Training loop for segmentation

notacode · September 4, 2019, 1:01pm

I am to trying to learn how to train a network for segmentation in pytorch.
I run into the problem of selecting a proper loss function and thus constructing a proper training loop.
The masks of the images are {0,1}-valued matrices, each channel represents different label (4 channels total). Which loss function should I use for this?

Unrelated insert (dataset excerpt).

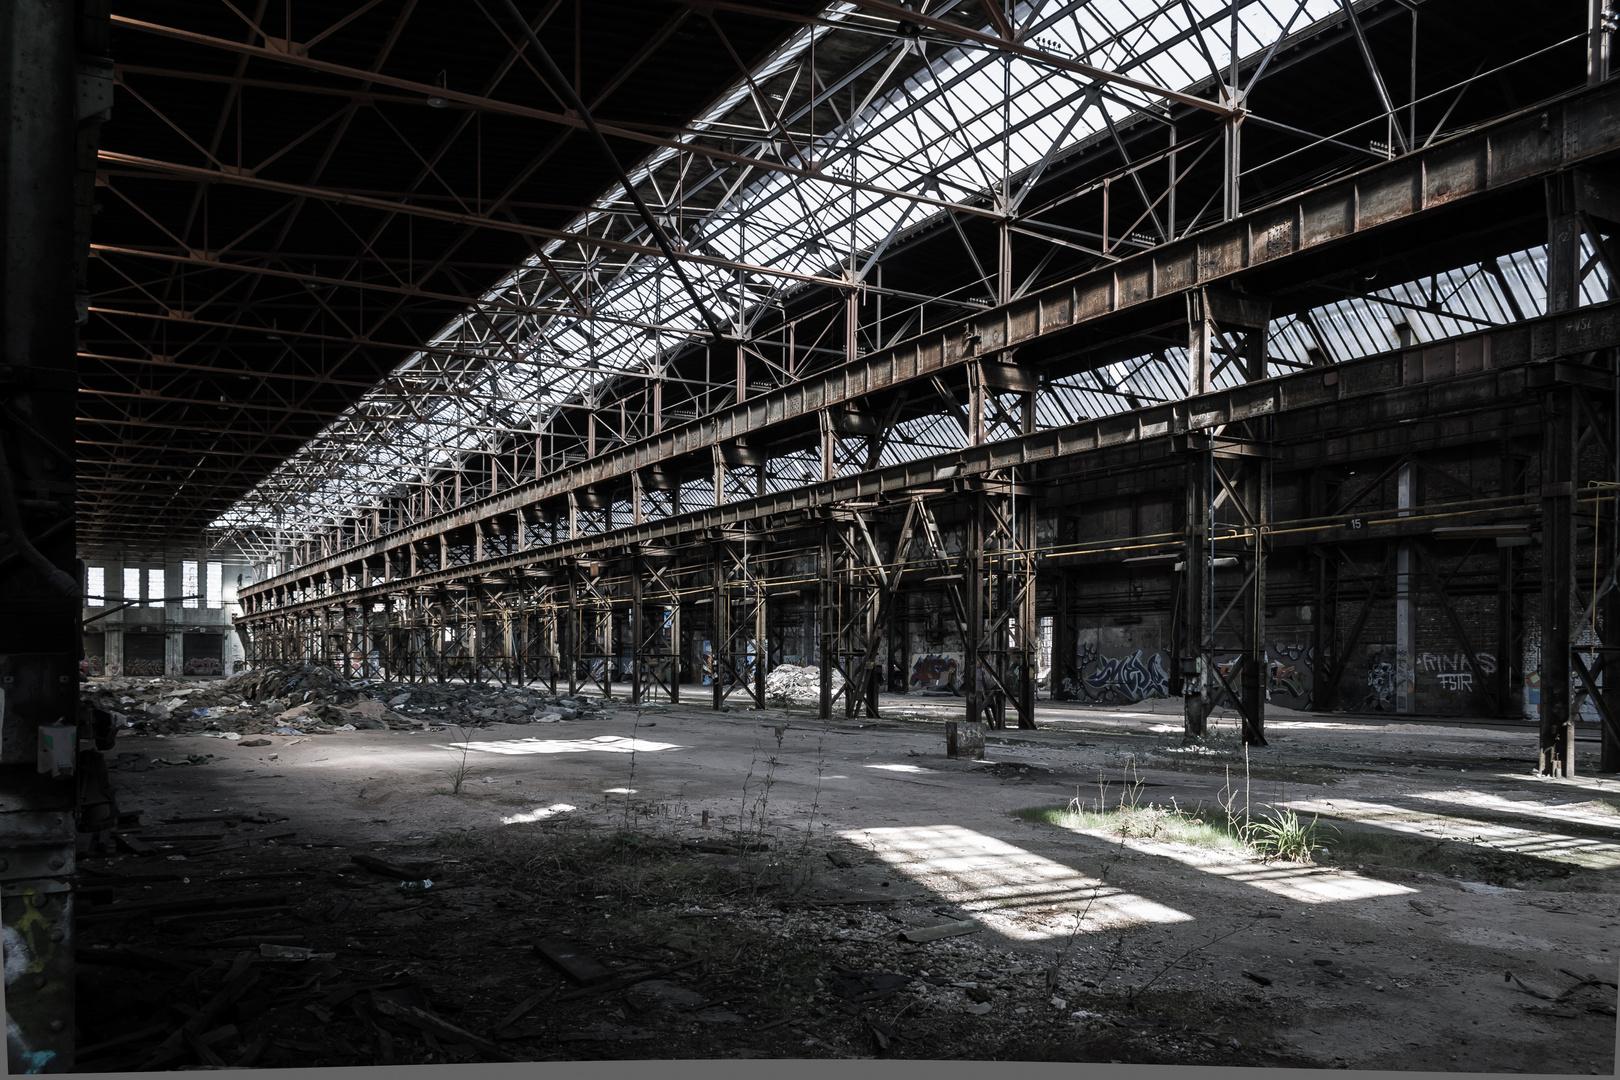 Industrieruine #2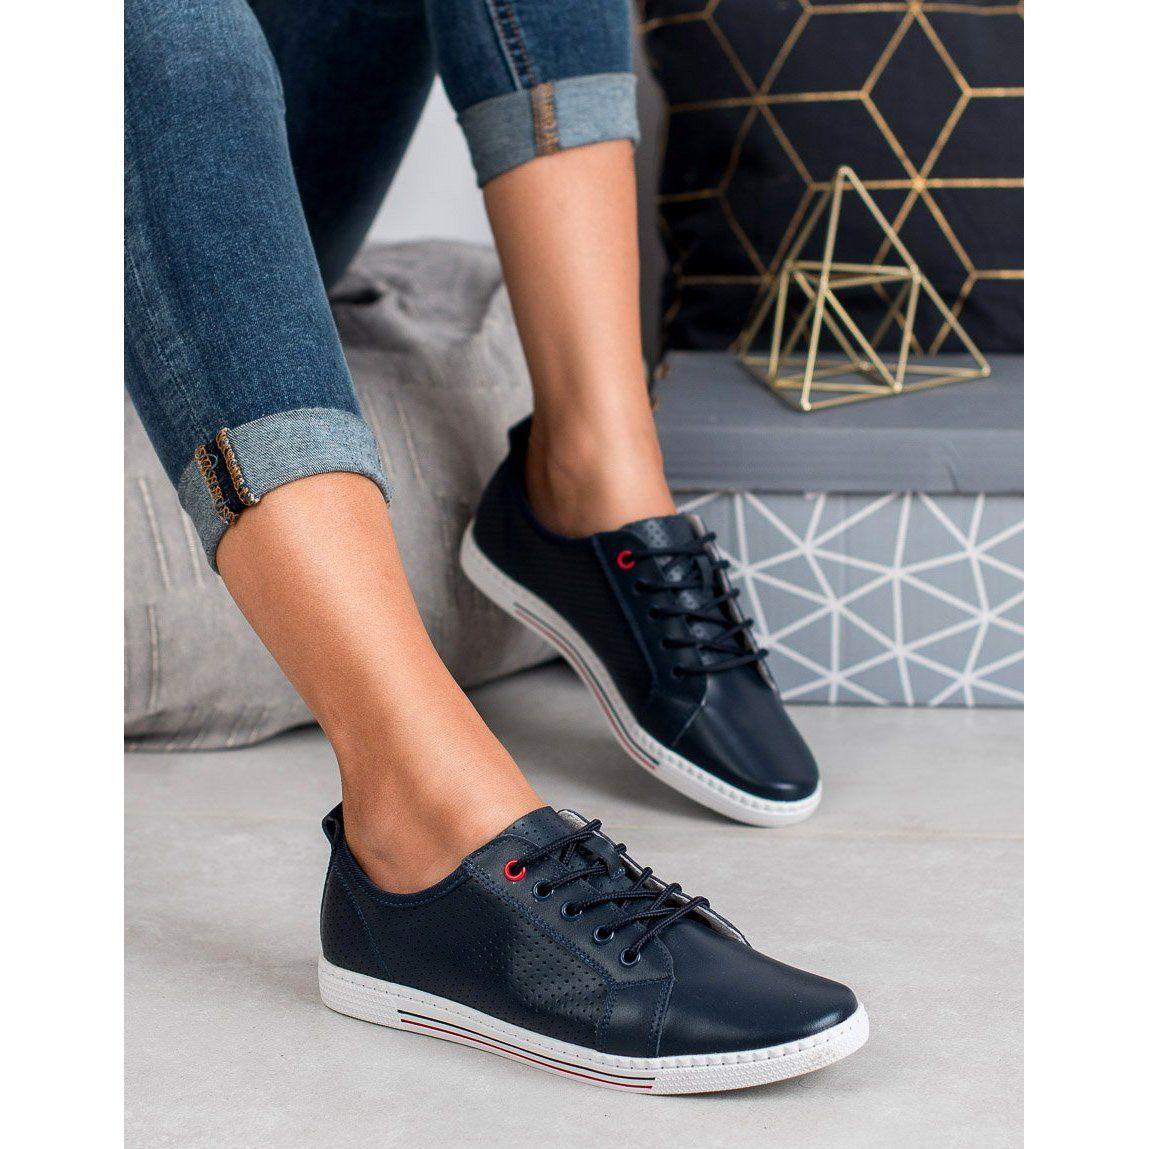 Filippo Skorzane Polbuty Granatowe All Black Sneakers Sneakers Shoes

Should it apply separately to every channel (class) and then be averaged?
I have this training loop for a UNet model:

for epoch in range(total):
    pbar = tqdm(trainloader);
    model.train()
    running_loss=0.
    for (x, mask) in pbar:
        y_pred = torch.softmax(model(x.cuda()), dim=1)
        loss = criterion(y_pred,
                         mask.cuda())
        running_loss += (loss.item())/len(trainloader)
        pbar.set_postfix({'Epoch': f'{epoch+1}/{total}',
                          'current_loss':f'{loss.item():.2f}'})
        loss.backward()
        if (i+1)%acc_steps==0: # accumulation of gradient
            optimizer.step()
            optimizer.zero_grad()
        gc.collect()
        torch.cuda.empty_cache()
        i+=1
    #print(running_loss)
    scheduler.step(running_loss)

and the loss i am using now is the dice coefficient loss per channel and then averaged

class DiceLoss(nn.Module):
    def __init__(self, eps=1e-15):
        super().__init__()
        self.eps = eps
        
    def forward(self, y_pred, y_true):
        '''
        y_true: mask, torch.Tensor of shape NxCxHxW
        y_pred: prediction, torch.Tensor of shape NxCxHxW
        
        Here C is number of classes (4)
        '''
        num_classes = y_true.size(1)
        bs = y_true.size(0)
        dice_coef = 0.
        for cls in range(num_classes):
            intersection = y_true[:,cls].float() * y_pred[:,cls].float()
            union = y_true[:,cls].float() + y_pred[:,cls].float()
        
            dice_coef += ((2*intersection.sum() + self.eps)/(union.sum()+self.eps))
        dice_coef/=len(range(num_classes))
        return 1.-dice_coef #maximize dice coef by minimizing this value

Is this a correct approach for the Dice coefficient-based loss function and the training loop overall?

Thanks for any advice.

ptrblck · September 4, 2019, 11:02pm

Alternatively to the dice loss you could also use e.g. nn.CrossentropyLoss, if each pixel belongs to one certain class (note that you would need to pass the logits to this loss function).

The training loop looks alright. I’m wondering, why you are calling empty_cache() inside the loop, as this could make your code slower and shouldn’t save any memory.

notacode · September 4, 2019, 11:20pm

Would crossentropy loss work if the target mask has shape Nx4xHxW? I thought that the mask for cross entropy needs to be NxHxW only.

I will try it.
I use empty_cache() because I actually thought that it does save up some gpu memory, the images are very large (and the batch size is very small, hence grad accumulation).

ptrblck · September 4, 2019, 11:24pm

If the target is currently a one-hot encoded tensor, you should pass torch.argmax(target, 1) as the target to nn.CrossEntropyLoss.